◆ **Supplied records**:

────────────────

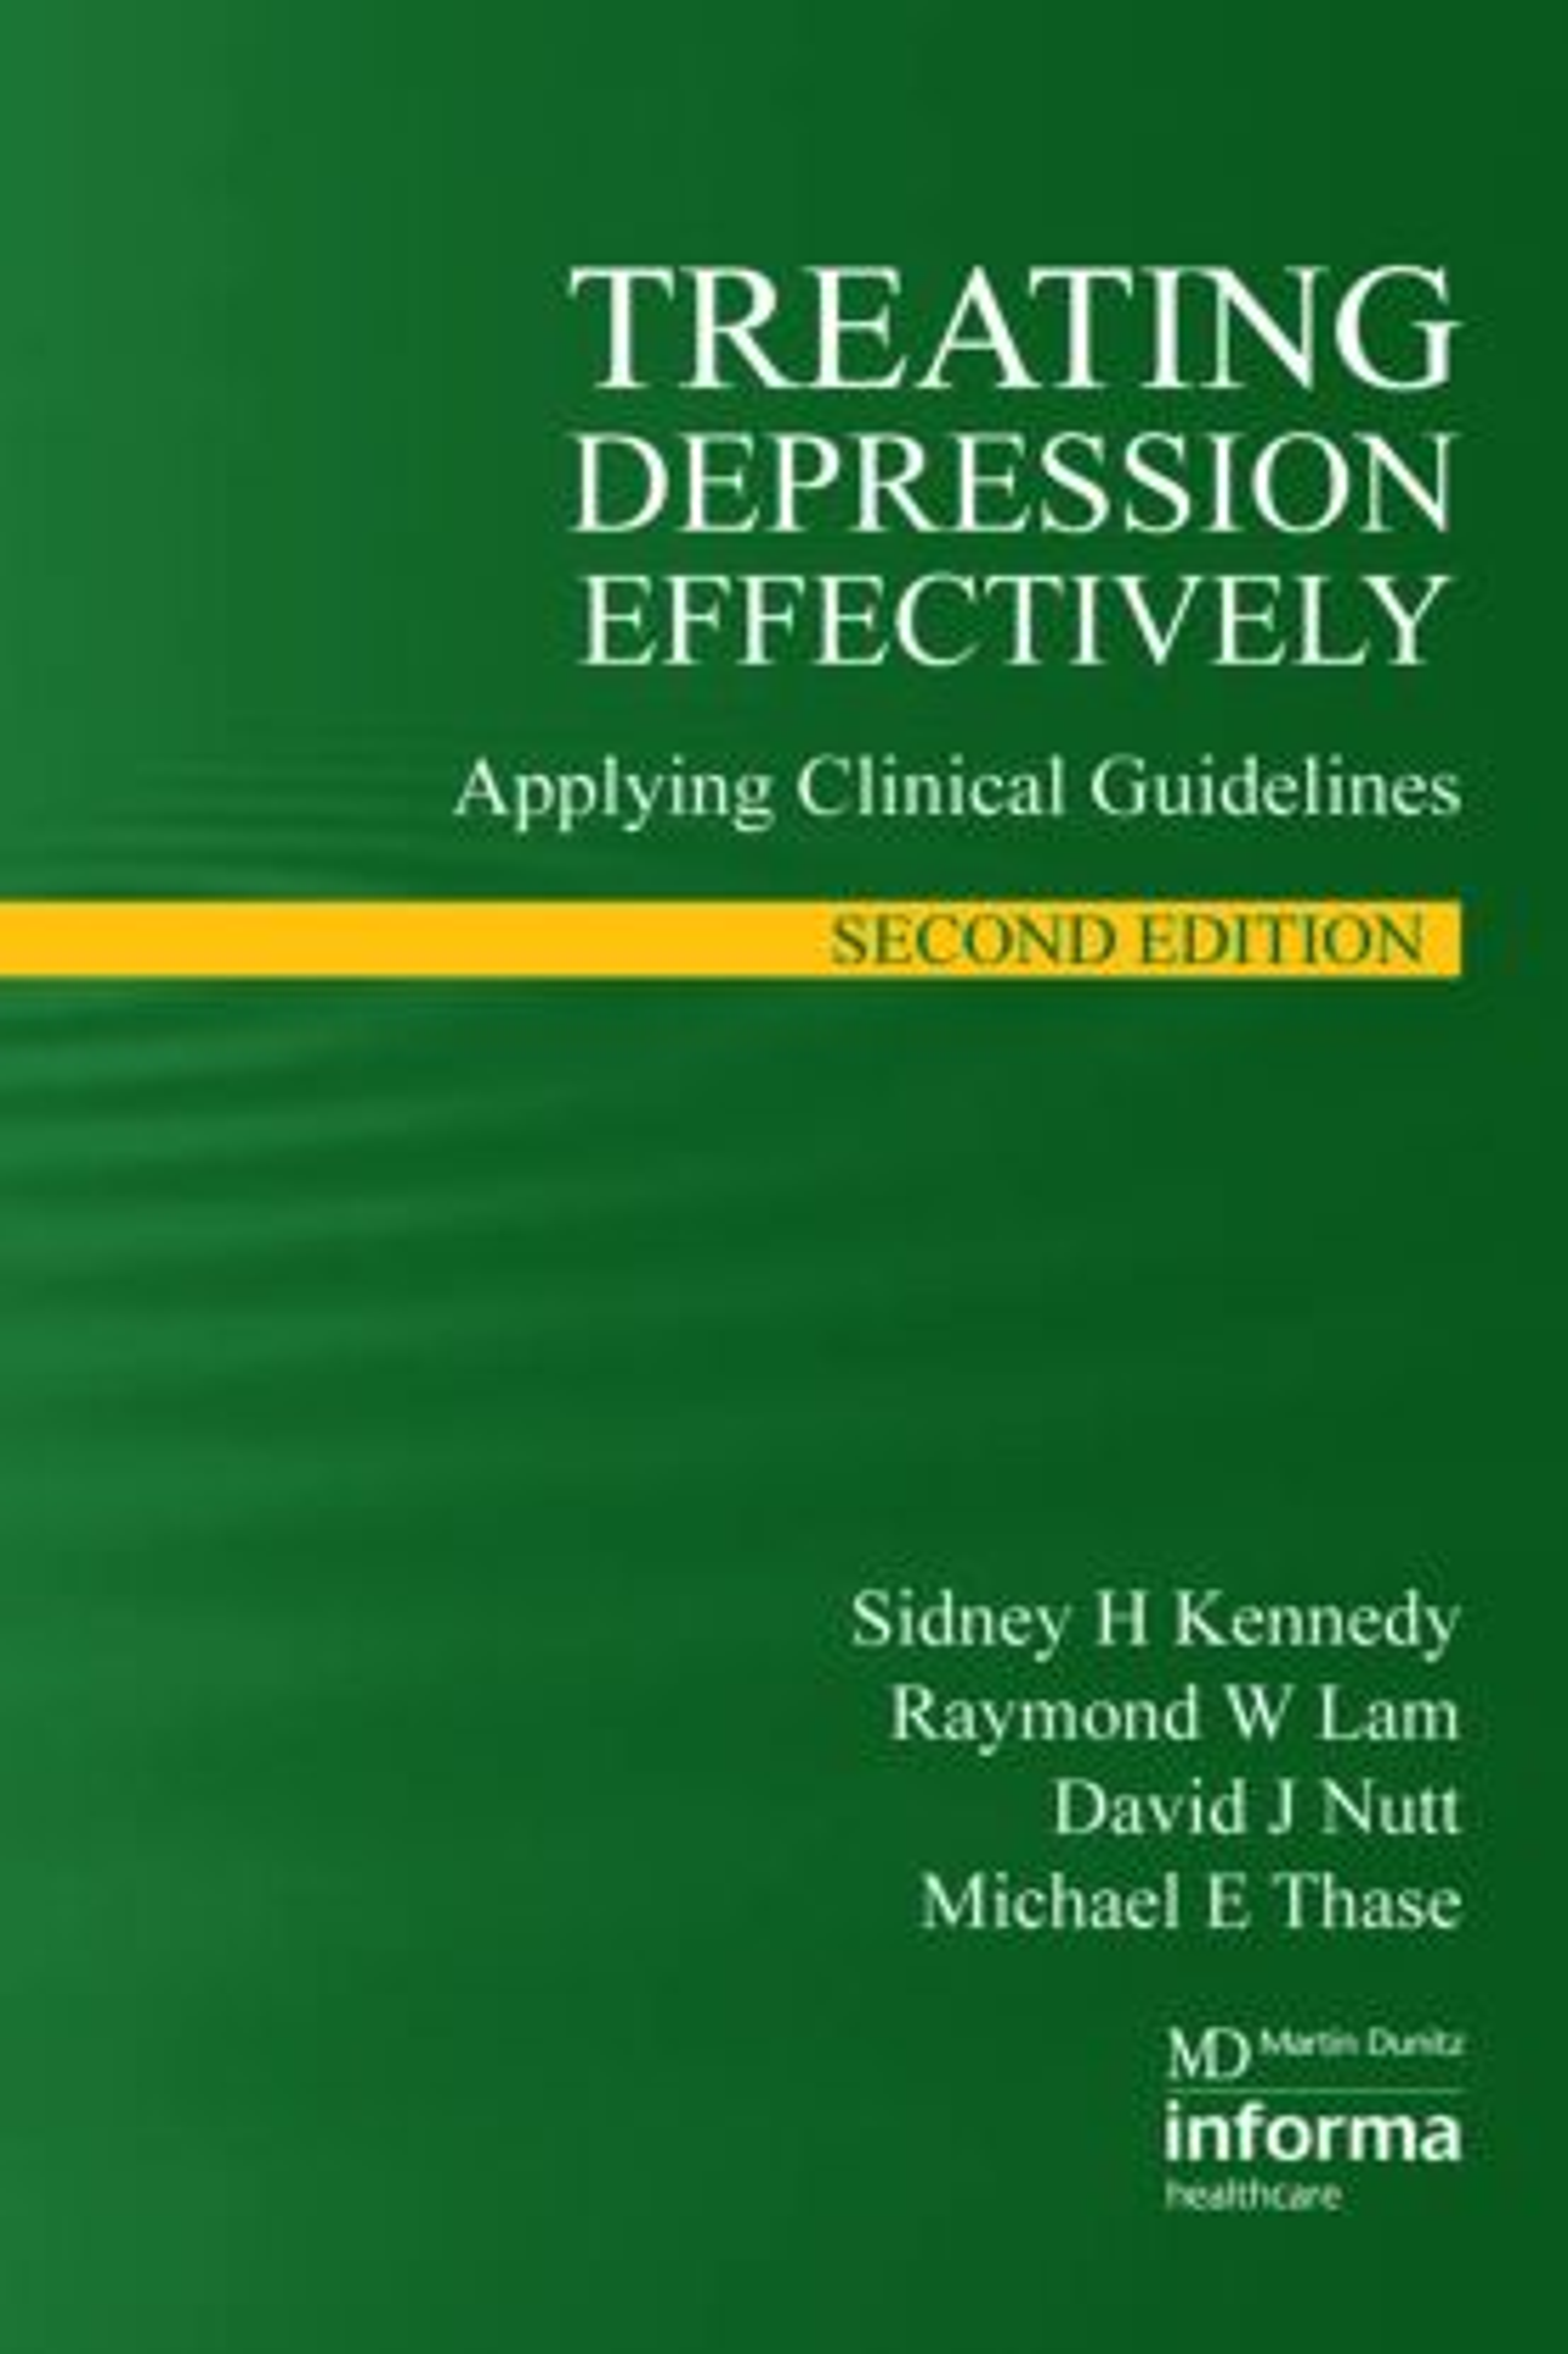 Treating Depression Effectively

────────────────

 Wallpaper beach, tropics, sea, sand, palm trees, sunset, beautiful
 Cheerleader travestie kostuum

────────────────

◆ **Exercise goal**: Give only the lines from the one holding "Wallpaper beach, tropics, sea, sand, palm" through the one holding "Cheerleader travestie kostuum", each restated exactly as it appears above.

◆ **Solution to this problem**:
 Wallpaper beach, tropics, sea, sand, palm trees, sunset, beautiful
 Cheerleader travestie kostuum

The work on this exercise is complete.